--- Exercise data Enclosed Below ---

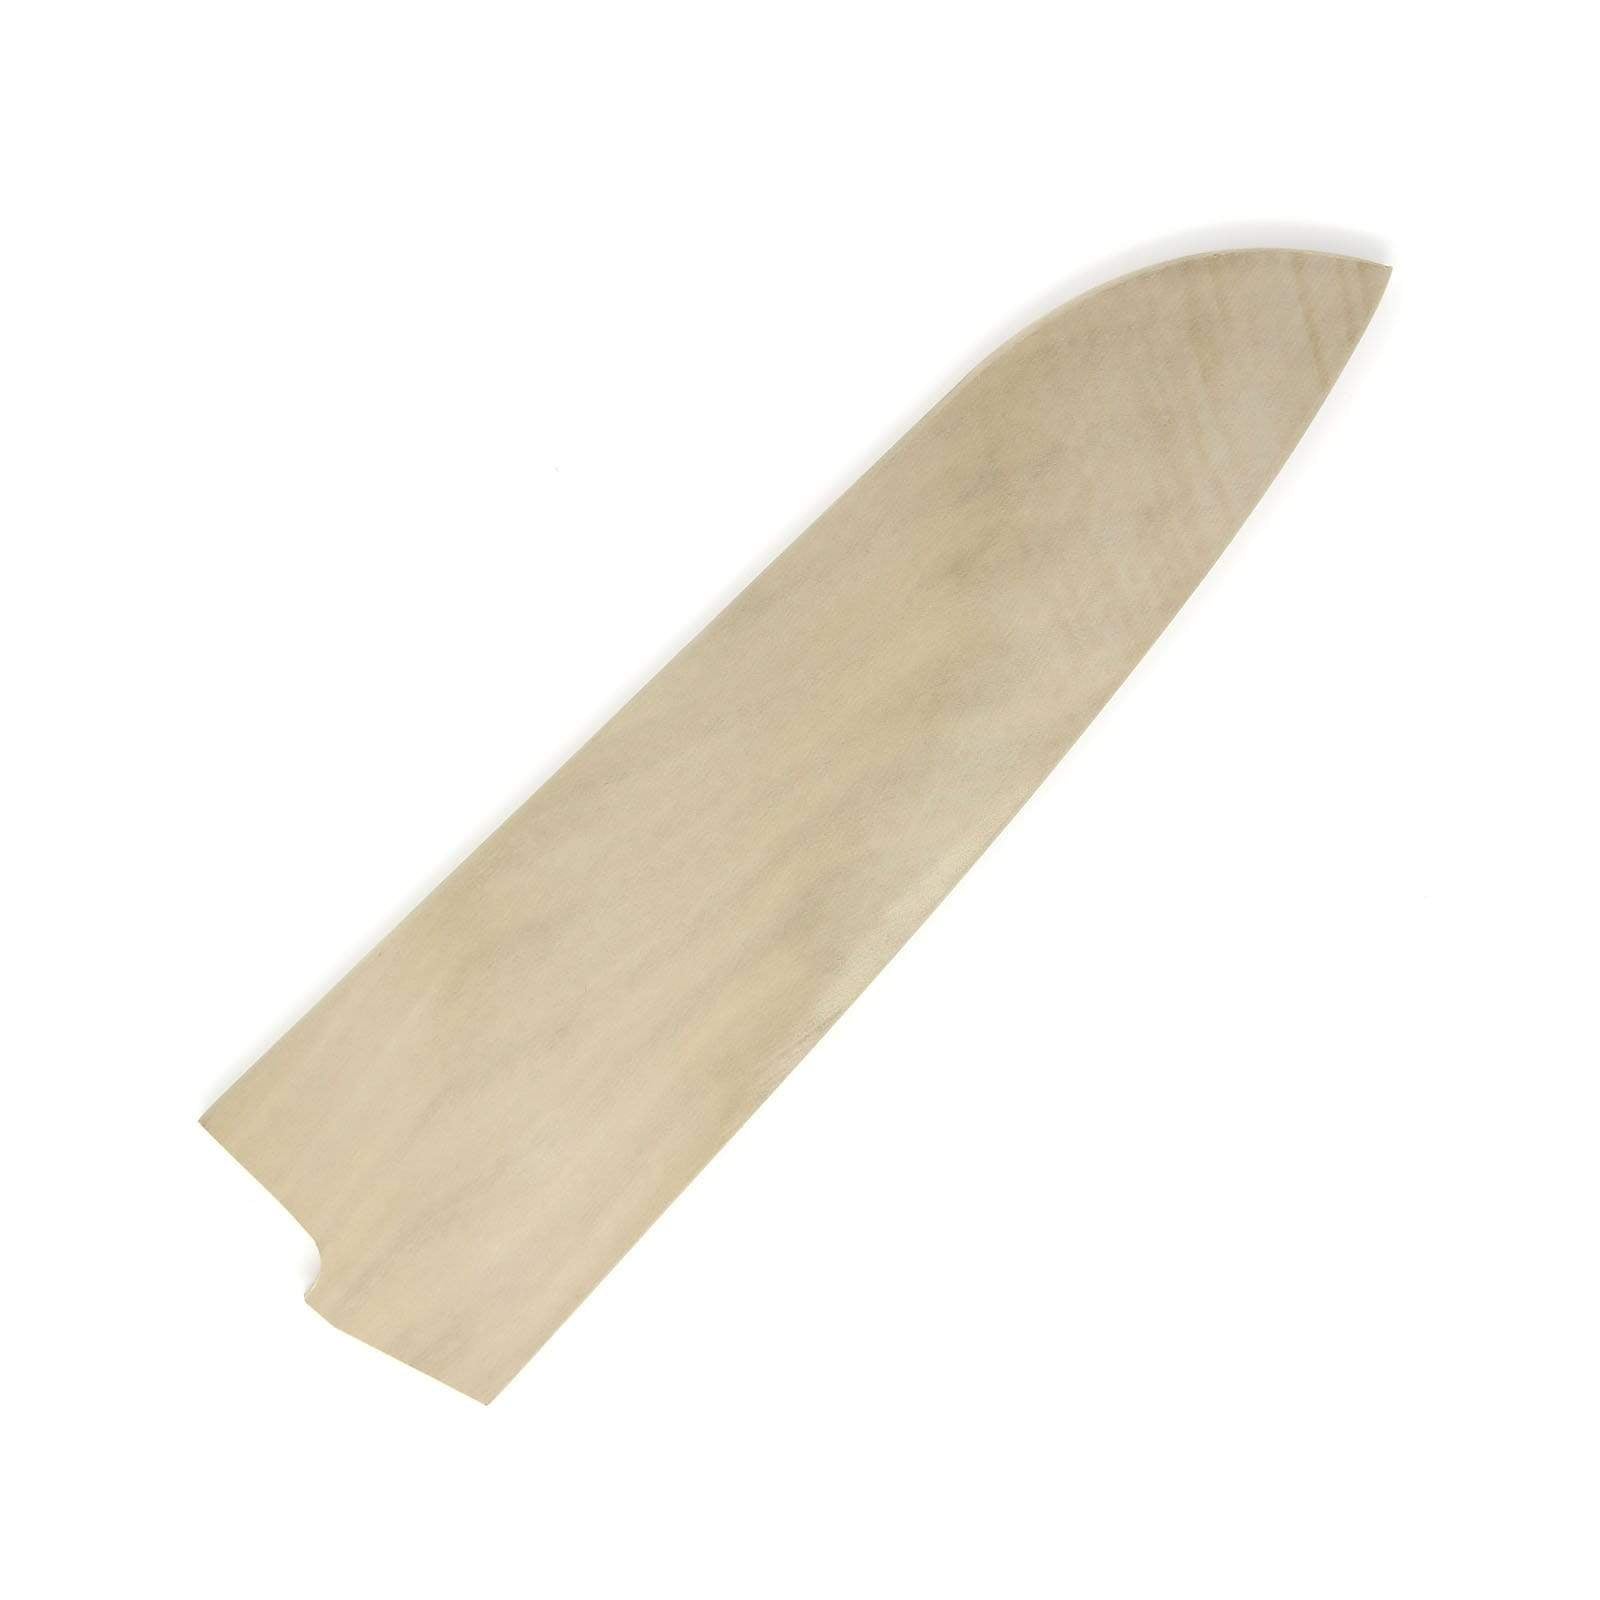 Plastic sheath (saya) for kitchen knife - Size:15/18/24cm
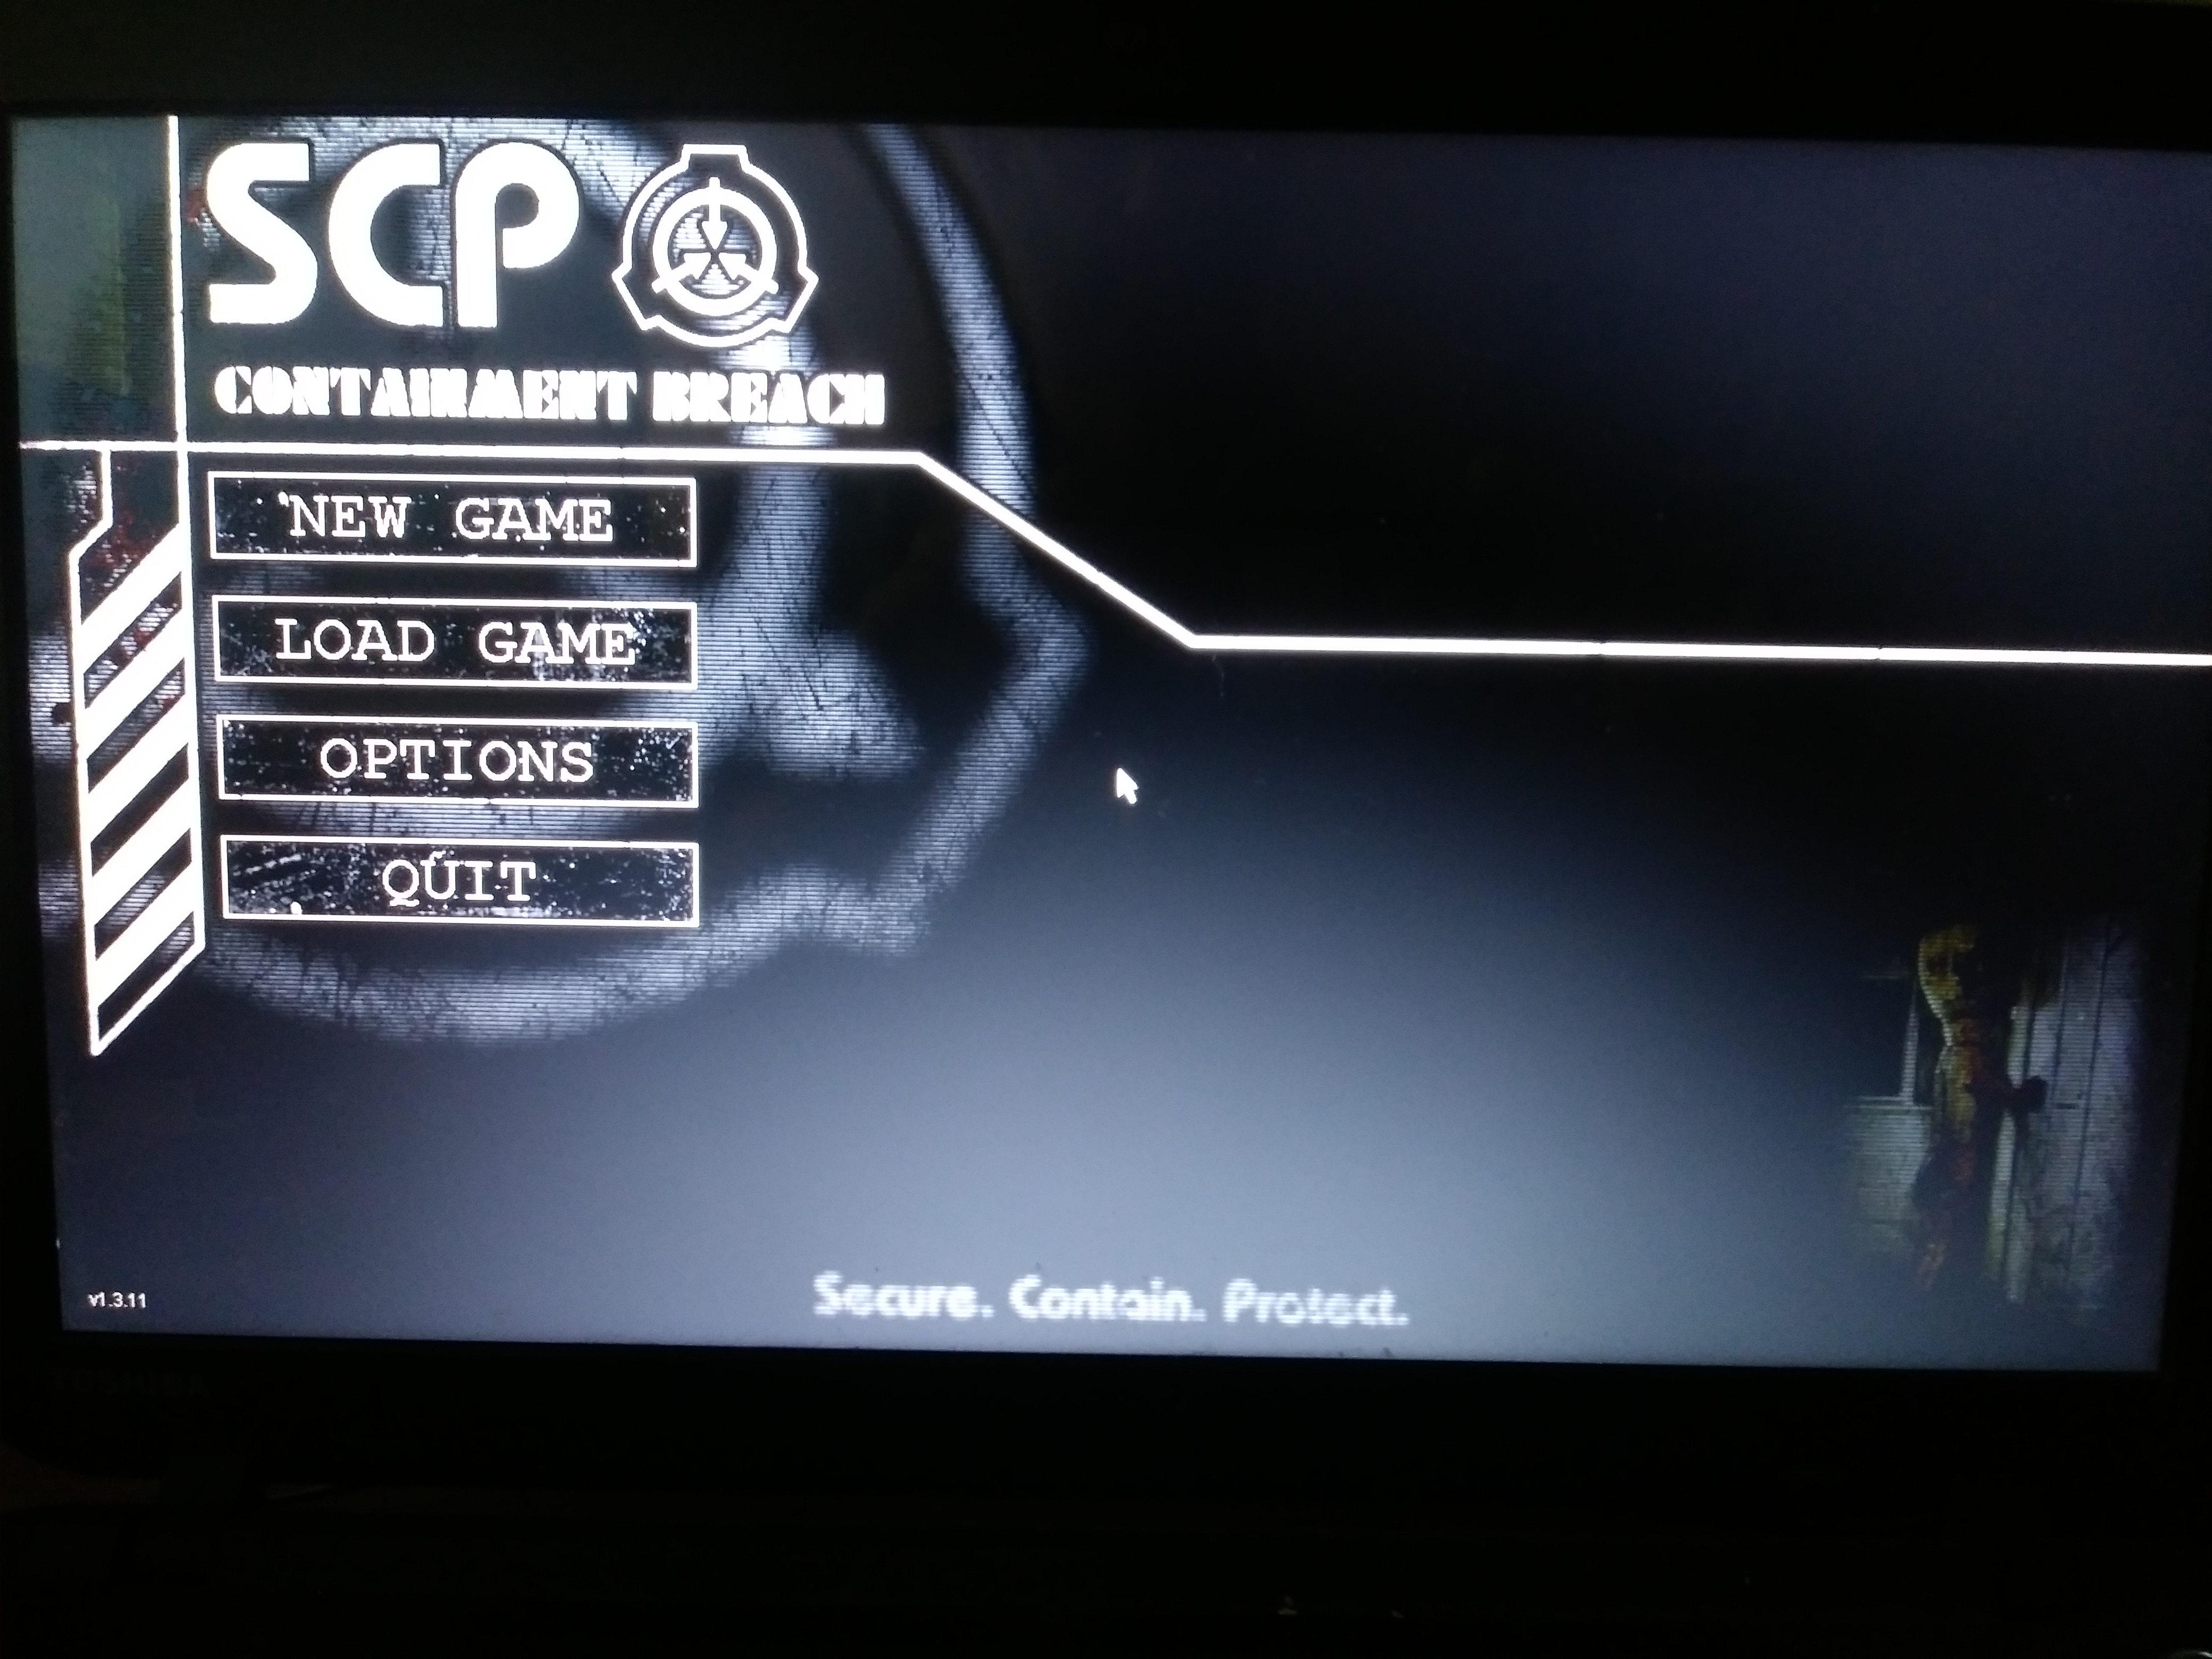 scp containment breach keypad code
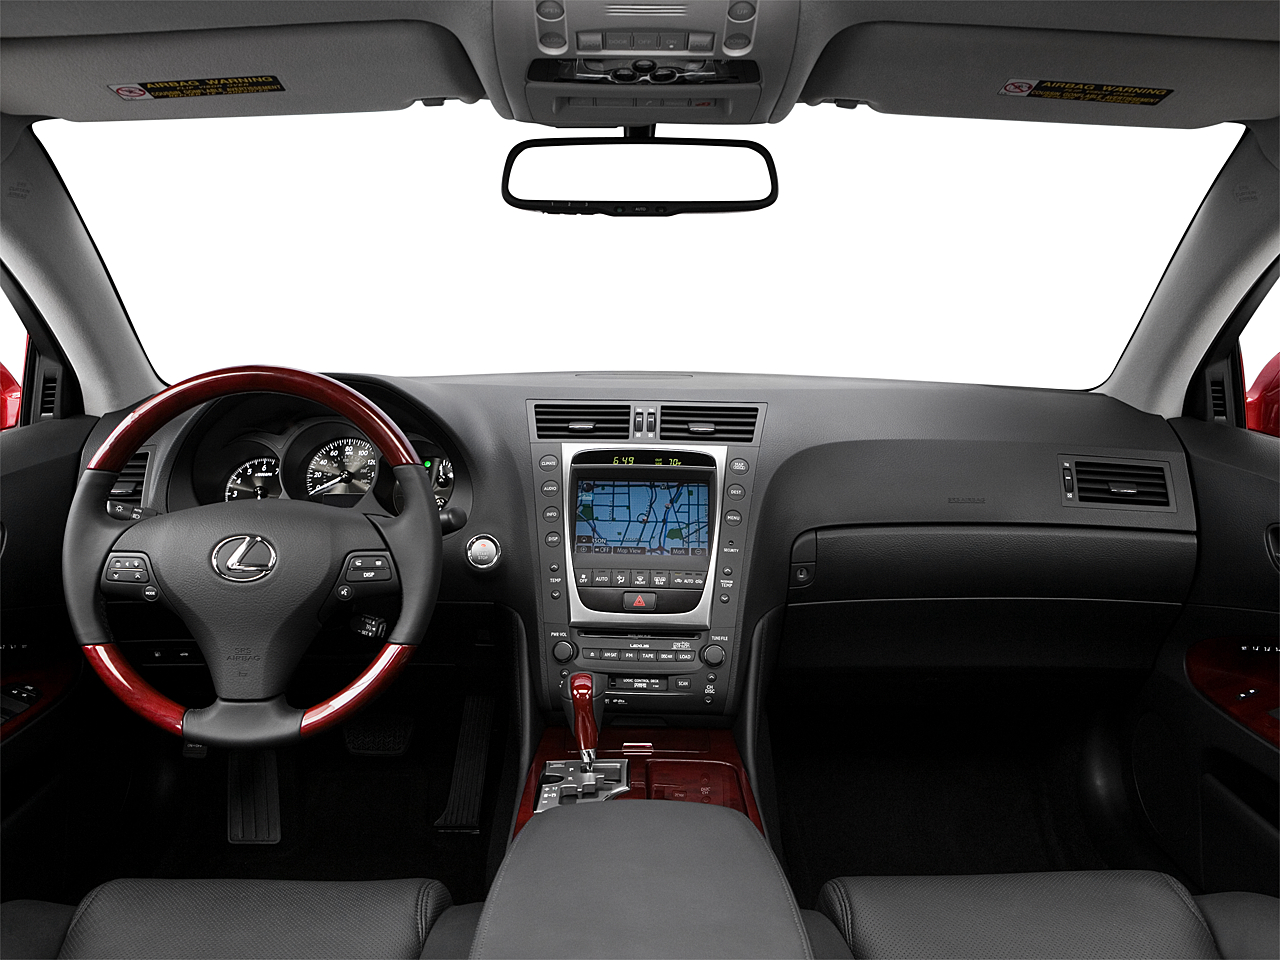 2008 Lexus GS 460 4dr Sedan - Research - GrooveCar
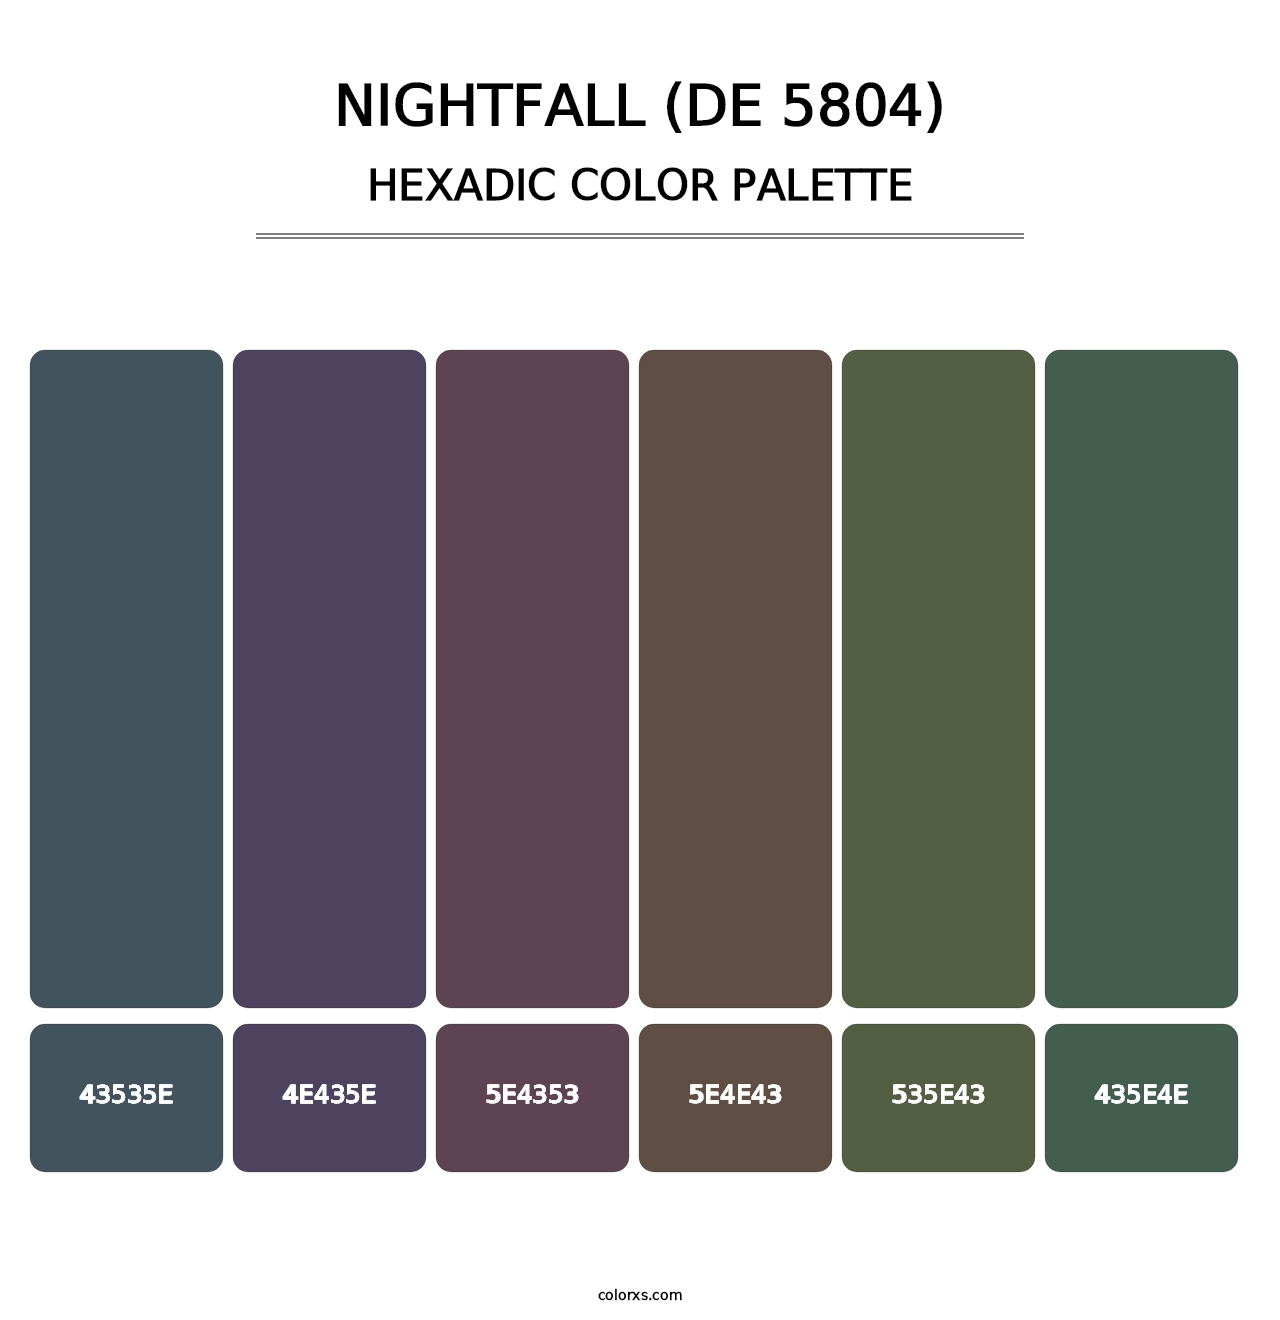 Nightfall (DE 5804) - Hexadic Color Palette

--- End of Enclosed Exercise data ---

Task to complete:
Reproduce, word for word, everything in the listing above except the pictures.

Response area:
 Plastic sheath (saya) for kitchen knife - Size:15/18/24cm
 scp containment breach keypad code
 2008 Lexus GS 460 4dr Sedan - Research - GrooveCar
 Nightfall (DE 5804) - Hexadic Color Palette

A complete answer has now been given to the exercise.